Another rich living, St. Oswald's, was appropriated by the monks in the 13th century and was served by a perpetual vicar. Originally meeting within the abbey church at the altar of St. Oswald, its parishioners acquired a separate building only c. 1348. Like the abbey it seems to have been held in little affection by local people, though by the later 15th century it had become the special responsibility of the corporation: in 1488 Abbot Simon Ripley negotiated with the mayor, sheriffs, and leading members of the Assembly for help in reconstructing it. Two other churches, St. Peter's and Holy Trinity, survived as rectories. Never well endowed, they were usually staffed by chaplains. Both were the scene of a few grand burials or chantries; burials in Holy Trinity, for example, included the mayors John Whitmore (d. 1374) and John Armourer (d. 1396), (fn. 69) and in St. Peter's Alderman Thomas Middleton (d. 1535). (fn. 70)

The other four churches were poor. All were served by chaplains, St. Martin's and St. Bridget's having been appropriated to St. John's in the 14th century, and St. Michael's and St. Olave's apparently lacking sufficient income to support a rector. None appears to have attracted much interest from the more well-to-do of the city, apart from the occasional burial or minor bequest towards buildings and furnishings. St. Michael's, with two known burials and a chantry served by two chaplains, was perhaps the most favoured. (fn. 71)

The pattern of building at the parochial level was closely related to that in the religious communities. At St. Peter's, for example, there was work connected with that at St. Werburgh's in the early 14th century. Activity peaked in the late 15th and early 16th century: St. Mary's was largely rebuilt, St. Nicholas's chapel, serving as the parish church of St. Oswald's, was greatly enlarged in 1488, and St. Michael's acquired a new chancel. In the 1530s St. Peter's was doubled in size, a work assisted by Fulk Dutton, a draper who owned the buildings demolished for the extension.

THE CLERGY

In late medieval Chester the clergy formed a significant proportion of the population. In the earlier part of the period they were dominated by the monastic communities, (fn. 72) but by the later 14th century there were fewer religious and more minor posts for seculars, as chaplains serving fraternities, chantries, and private individuals. The impact of the secular clergy was reinforced by the presence of the archidiaconal court and the representatives or officials of the largely absentee archdeacons. (fn. 73) The city was, moreover, the centre of a rural deanery, under an official styled the 'dean of Christianity'. (fn. 74)

The richer benefices tended to be held by absentees. The canons of St. John's in particular had little incentive to reside, since the commons which they received were comparatively low. They were often civil servants or ecclesiastical administrators, especially before the steep decline in the value of their prebends in the early 15th century. Since they were collated by the bishop, many were also canons at Lichfield. (fn. 75) The dean, whose benefice, the richest in the city, was also in the bishop's gift, more often resided, partly no doubt because his archidiaconal jurisdiction over the college and its appropriated churches was regarded as incompatible with pluralism. Nevertheless, some deans were absentee, and in the early 15th century, after the losses sustained by the church in the wars with the Welsh, their pluralism was regularized by papal dispensations. (fn. 76)

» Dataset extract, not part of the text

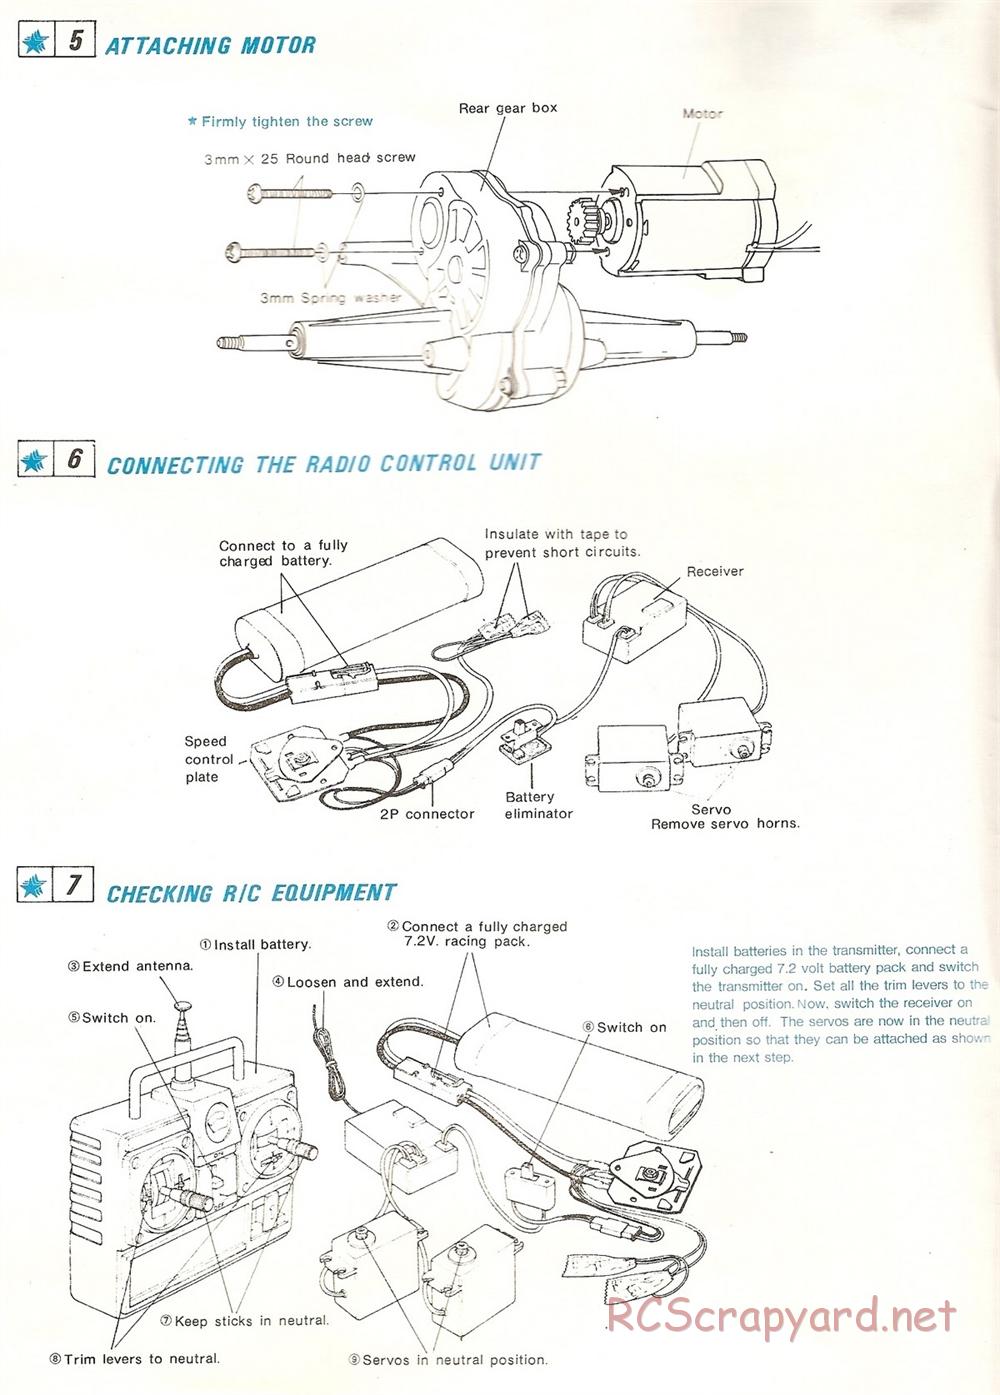 Traxxas - The Cat (1987) - Manual - Page 4

After the deanery the richest benefice in the city was the rectory of St. Mary's, the incumbents of which were also often absentee. They included royal clerks and ecclesiastical administrators, partly because the living belonged to the abbot of St. Werburgh's. (fn. 77) The only other relatively wealthy living, that of the petty canon or senior cantarist at St. John's, remained in the gift of a local family, the descendants of its founder, and was generally held by resident members of the local gentry. (fn. 78)

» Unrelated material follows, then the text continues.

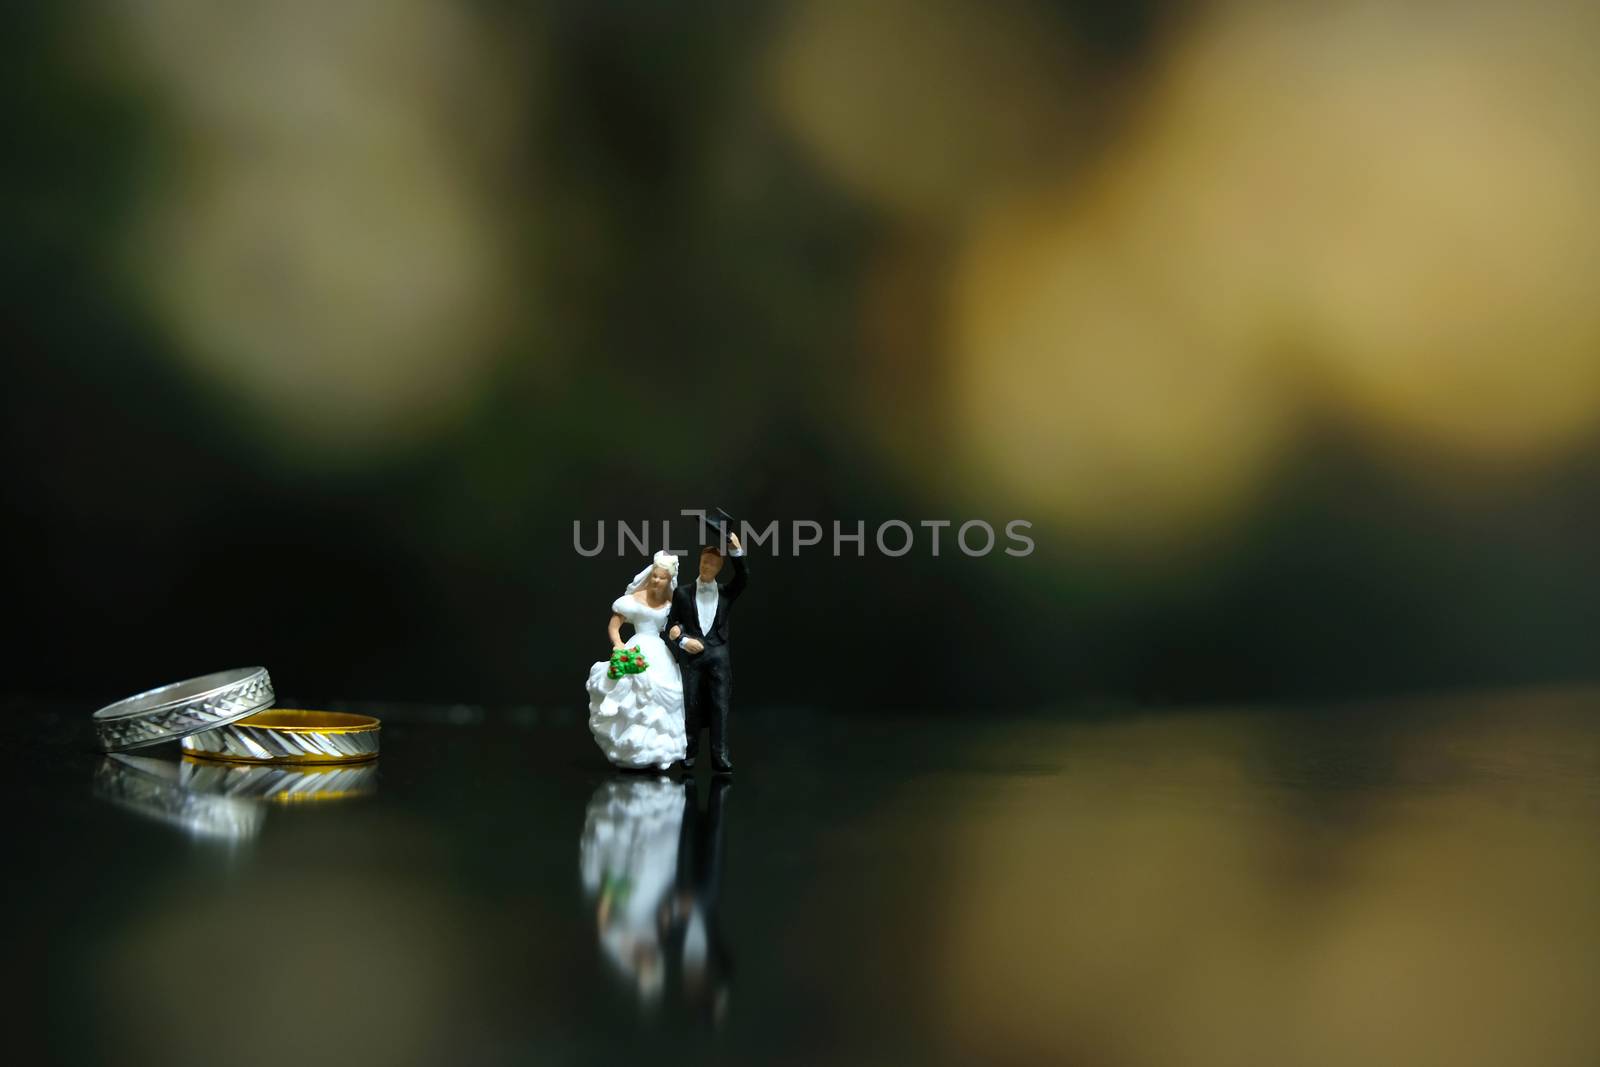 Miniature wedding concept - bride and groom walking on a shiny floor with couple ring

The occupants of the lesser benefices, more often resident, probably made greatest impact upon the life of the city. Occasionally, they included men of wealth, such as Alexander le Bel, a kinsman of former mayor John Arneway, who held Holy Trinity in the early 14th century, or Robert of Bredon, farmer of the Dee Mills and rector of St. Peter's from 1350 to 1377. (fn. 79) In general, however, they seem to have had modest backgrounds. Much of the daily pastoral work was performed not by the beneficed clergy but by a miscellaneous group of chaplains, whose numbers proliferated in the later Middle Ages. They included the vicars choral at St. John's, and chaplains to the hospitals, chantries, confraternities, and castle. (fn. 80) Many of the richer citizens had oratories in their houses, licensed by the diocesan, and some apparently also maintained chaplains. (fn. 81) The duties of such clerics were various: the vicars choral at St. John's, for example, were employed primarily to fulfil the choir duties of the absent canons, but they also served the appropriated parishes of St. Bridget and St. Martin and undertook chantry commissions from laymen. (fn. 82) In addition there were hermitages attached to St. John's and other churches, including St. Martin's and St. Chad's. At St. John's the eremitic tradition extended from the 12th century to the mid 14th or later, (fn. 83) and included figures of some local importance such as John of Chorlton, established in a cell beside the collegiate church in 1363, and appointed penitentiary for the archdeaconry of Chester for two years in 1366 and for Cheshire during the bishop's pleasure in 1369. (fn. 84) A further hermitage, established by John Spicer before 1358, was situated by the bridge at Chester, and was probably identical with that of St. James in Handbridge, whose occupant, John Benet, was in 1450 accused of sheltering malefactors and keeping a brothel. (fn. 85)

RELIGIOUS CULTS

Chester contained a number of images regarded with especial veneration, including those of Our Lady variously at the abbey, the nunnery, Blackfriars, and St. Mary on the Hill; of St. Catherine and St. Stephen at St. Mary's; and of St. Michael at St. Michael's. (fn. 86) More significant cult objects included the girdle of St. Thomas Becket at the nunnery, the remains of St. Werburg at the abbey, and the Holy Rood at St. John's. Nothing is known of the nuns' relic beyond the fact of its existence in 1536; (fn. 87) the two major cults were those of St. Werburg and the Holy Rood. That of St. Werburg, earlier and initially more important, appears to have fluctuated with the fortunes of its host community. By the 13th century it was in decline. Despite the lavish rebuilding of the saint's shrine c. 1340, there is little to suggest that she was then the object of interest within the city, apart from a procession held in her honour by an Abbot Thomas, probably Birchills (1291-1323). (fn. 88) Possibly she exerted more attraction in the wider world: late medieval pilgrim badges adorned with geese and found in London may have alluded to a celebrated miracle performed by St. Werburg, and were perhaps tokens acquired at her shrine in Chester. (fn. 89) The cult locally revived a little in the late 15th and early 16th century, when bequests were left for tapers before the shrine, (fn. 90) and the Chester monk Henry Bradshaw compiled a vernacular verse Life, culled from ancient sources in the monastic library. (fn. 91) A further relic, the saint's supposed girdle, was said in 1536 to be in great request for comforting women at childbirth. (fn. 92)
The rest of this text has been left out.